A wave of violence against bloggers has landed Bangladesh back onto the index for the first time since 2011, the report said in Bangladesh section.
At least four Bangladeshi bloggers have been hacked to death by apparent Islamic extremists this year alone, and a total of five of Bangladesh’s seven victims of unsolved murders over the last decade are bloggers who criticized religious extremism, the report said.
Brazen attacks against bloggers like American-Bangladeshi Avijit Roy, who was pulled from a rickshaw by machete-wielding assailants outside a book fair in Dhaka, have been followed by a handful of arrests, but in only one case since 2005, Gautam Das, have the perpetrators been tried and convicted.
Colombia exited the index as fatal violence against journalists receded further into that country’s past. For the first time since CPJ began compiling the index in 2008, Iraq did not claim the title of worst offender, as Somalia edged into that spot.
The shift reflects a steady death toll in Somalia, where one or more journalists have been murdered every year over the past decade, and the government has proved unable or unwilling to investigate the attacks.

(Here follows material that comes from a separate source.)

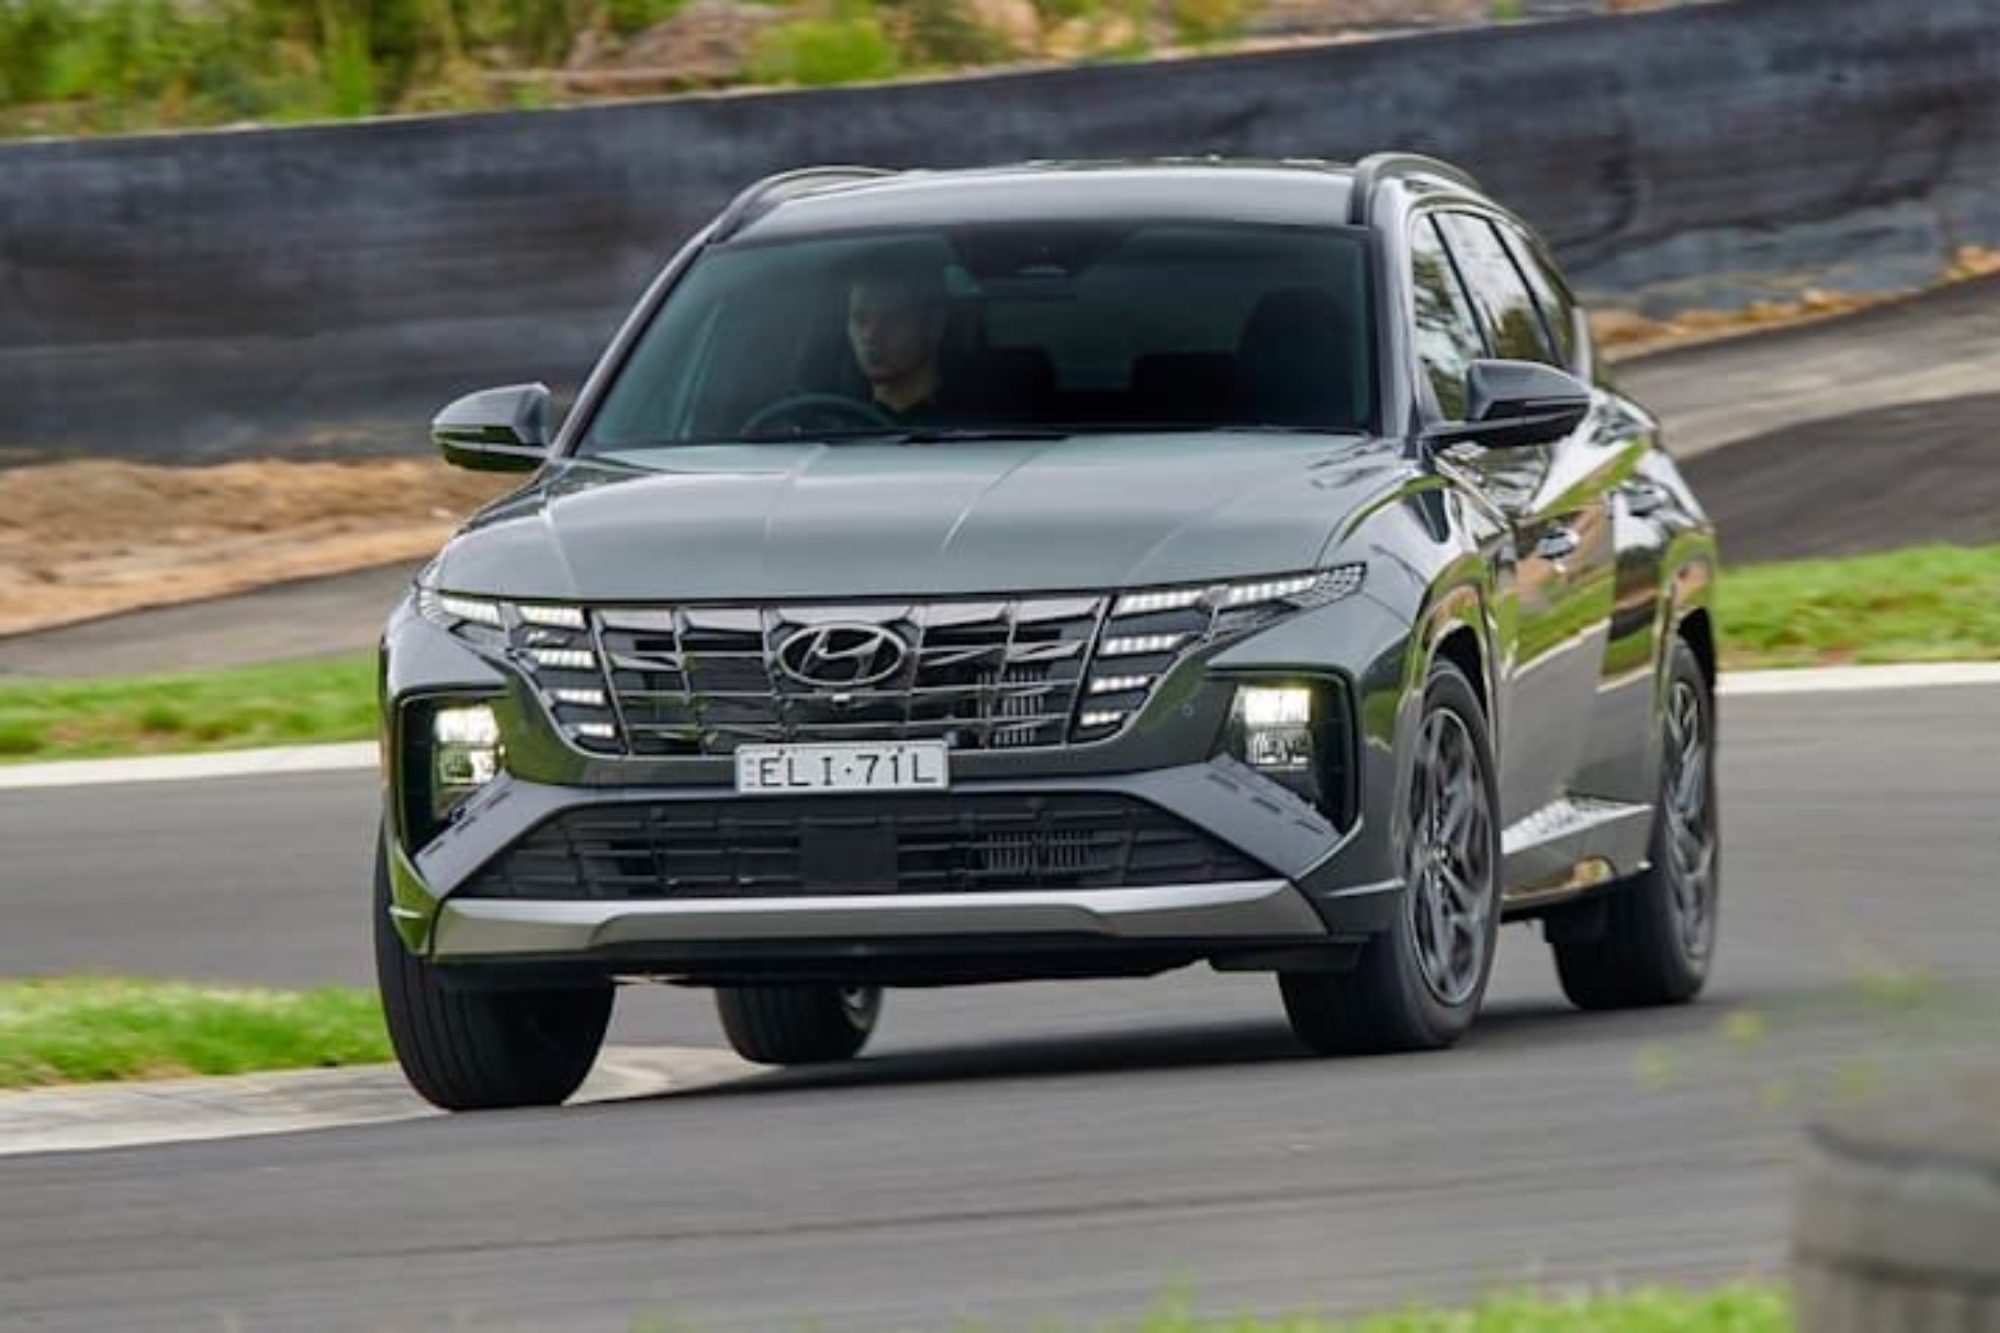 2021 Hyundai Tucson N Line Prototype Review Australia 9 1 Jpg
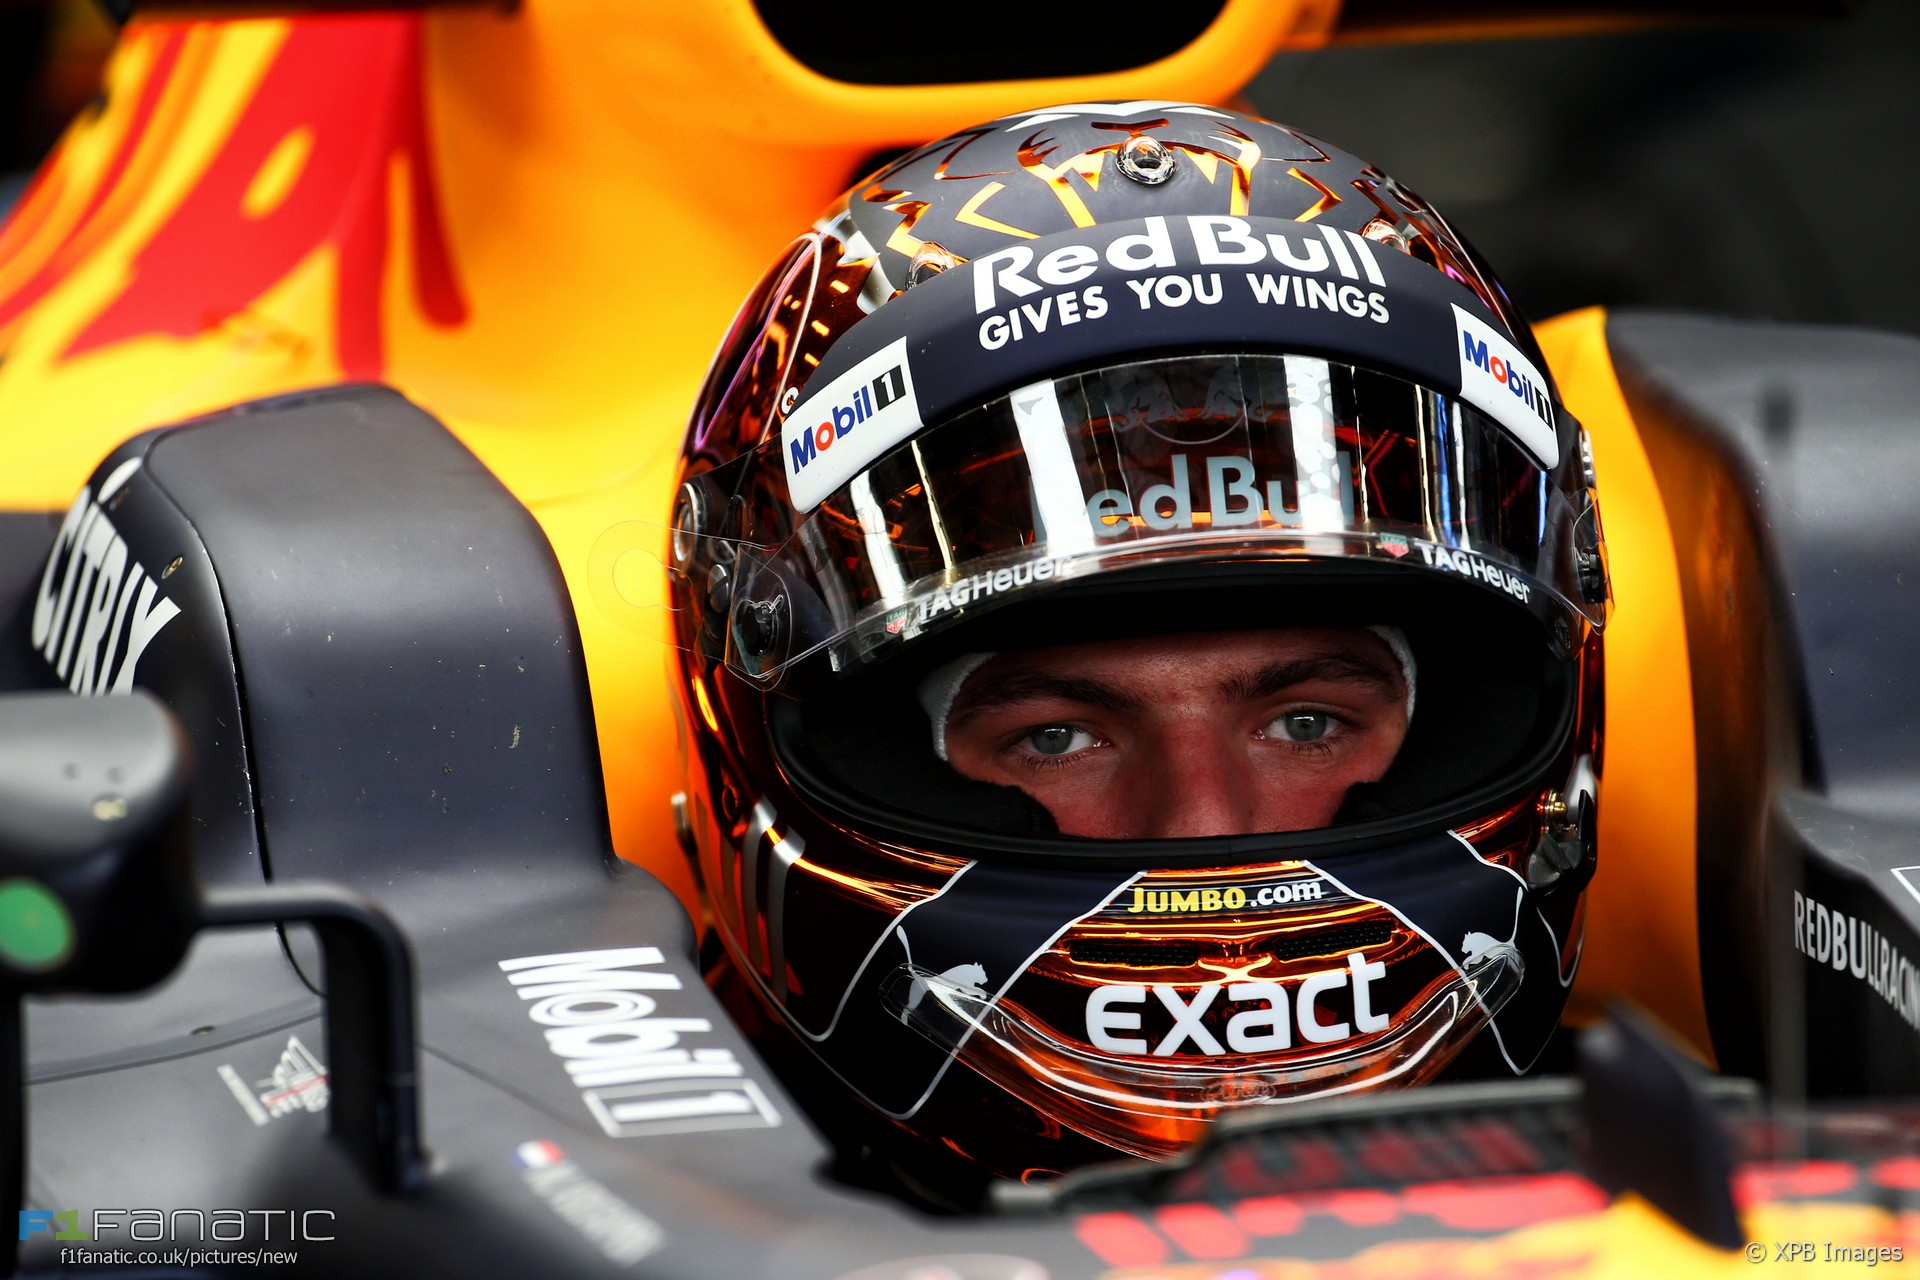 Max Verstappen, Red Bull, Spa-Francorchamps, 2017

Iraq’s move away from the top spot is based on a number of factors, few of them encouraging; only one conviction has been achieved in Iraq.
The Impunity Index examines unsolved murders over the previous decade in which journalism is the confirmed motive. The first couple of years of the Iraq War are no longer covered by the most recent 10-year period, and targeted killings dropped in the second half of the decade compared with the watermark years of 2006 and 2007.
More recently, members of the militant group Islamic State have abducted and killed at least two journalists.
The group’s forceful control of information has to date made it impossible for CPJ to accurately document additional cases and determine the motive.